Patent document CN105088802 a, "a yarn dyed fabric moisture-absorbing and quick-drying finishing process", provides a yarn dyed fabric moisture-absorbing and quick-drying finishing process, the finishing process is as follows: the yarn-dyed fabric is immersed in the moisture-absorbing and quick-drying finishing agent, wherein the moisture-absorbing and quick-drying finishing agent consists of a surfactant and polyether amino modified silicone oil, and a rolling and baking process method is adopted, so that the horizontal wicking and the diffusivity of the finished fabric are improved by 260%, and the moisture conductivity, the handfeel and the elasticity are good.

The analysis of the prior art is integrated, and the existing technology for realizing the differential moisture transfer of the fabric has a post-finishing method, but has the problems of water washing resistance and non-durable functionality, and also has the problem that the moisture transfer and quick drying cannot be simultaneously combined.

Disclosure of Invention

The utility model aims to solve the technical problem of providing a quick-drying warp knitted fabric with a unidirectional liquid water transmission function.

In order to solve the technical problems, the utility model adopts the following technical scheme:

the quick-drying warp knitted fabric with the unidirectional liquid water transmission function comprises a fabric body, wherein the fabric body comprises a seam connecting layer, a water transmission layer and a water diffusion layer which are sequentially connected, and at least one of the seam connecting layer, the water transmission layer and the water diffusion layer is provided with more than two layers, so that the fabric body forms a multi-layer overhead laminated structure with more than four layers; the seam connecting layer, the moisture transfer layer and the moisture diffusion layer are respectively woven by yarns with different water conveying capacities, so that the fabric body has the effect of unidirectional transfer of liquid water from the seam connecting layer to the moisture transfer layer and the moisture quick diffusion layer.

The fabric body has the effect of unidirectional transfer of liquid water from the joint connection layer to the rapid diffusion layer, and OWTC is more than or equal to 100% by using AATCC195 moisture-conducting performance test; the fabric body is tested by using GB-T21655.1 standard, and the evaporation rate is more than 0.45ml/h; the fabric has the characteristics of light weight, ventilation, quick dryness, comfort and non-sticking.

As a further improvement, the weave structure of the seam connection layer adopts a satin structure through forging or reverse warp; the organization structure of the moisture transfer layer adopts a variable warp satin structure; the organization structure of the water diffusion layer adopts a reverse satin structure or a variable satin structure.

As a further improvement scheme, the seam connecting layer is formed by weaving yarns Y1, the moisture transfer layer is formed by weaving yarns Y2, the moisture diffusion layer is formed by weaving yarns Y3, and the capillary water transmission capacity LP of the yarns Y2 _Y2 Capillary water transport capacity LP with yarn Y1 _Y1 The ratio of (2) is greater than 1.5, the capillary water transport capacity LP of yarn Y3 _Y3 Capillary water transport capacity LP with yarn Y1 _Y1 The ratio of (2) is greater than 2.

As a further improvement, the yarn Y1 adopts filaments or short fibers, and the contact angle of the yarn surface when the yarn Y1 adopts the short fibers is larger than 60 degrees; the yarn Y2 adopts filaments or short fibers, and the contact angle of the yarn surface is more than or equal to 60 degrees and more than or equal to 45 degrees when the yarn Y2 adopts the short fibers; the yarn Y3 is made of filaments or staple fibers, and the contact angle of the yarn surface is smaller than 45 degrees when the yarn Y3 is made of staple fibers.

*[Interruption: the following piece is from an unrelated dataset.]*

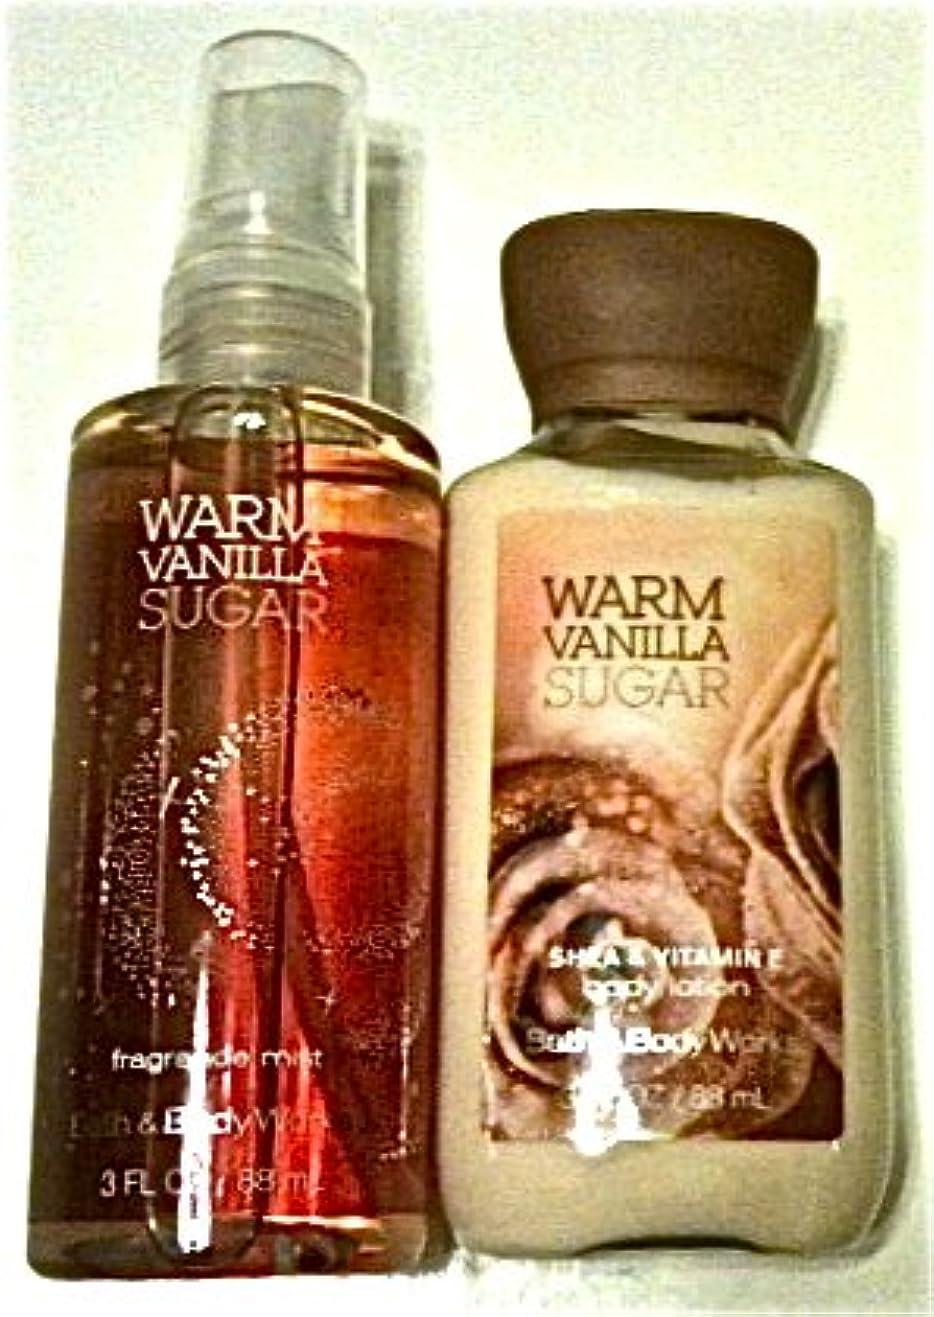 薄汚いリア王有望Bath & Body Works warm vanilla sugar body cream, fragrance mist ワームバニラシュガー、ボディークリーム&ミスト [海外直送品]

As a further development, the fineness D of the yarn Y1 _Y1 200D or less, preferably fineness D _Y1 ≤75D。

As a further improvement scheme, the number of the needle back transverse movement needles of the moisture transfer layer is 2-5 needles; the number of the needle back transverse movement needles of the moisture diffusion layer is 1 needle to 5 needle, wherein the ratio of the needle back transverse movement needles is more than or equal to 10 percent.

As a further improvement scheme, be equipped with a plurality of mesh on the surface fabric body, this mesh is blind hole or through-hole, and the surface of follow moisture diffusion layer surface link up moisture transfer layer and extend to the seam tie layer when this mesh is the blind hole.

As a further improvement scheme, the meshes are uniformly distributed on the fabric body, and the distance X between two adjacent meshes is more than or equal to 0.3mm, preferably 1mm, in the weft direction of the fabric; in the warp direction of the fabric, the distance Y between two adjacent meshes is more than or equal to 0.3mm, and the height H of the meshes is more than or equal to 0.3mm.

As a further improvement scheme, the mesh shape is round or elliptical, and the sum of the areas of all meshes accounts for 5% -70% of the whole surface area of the fabric body.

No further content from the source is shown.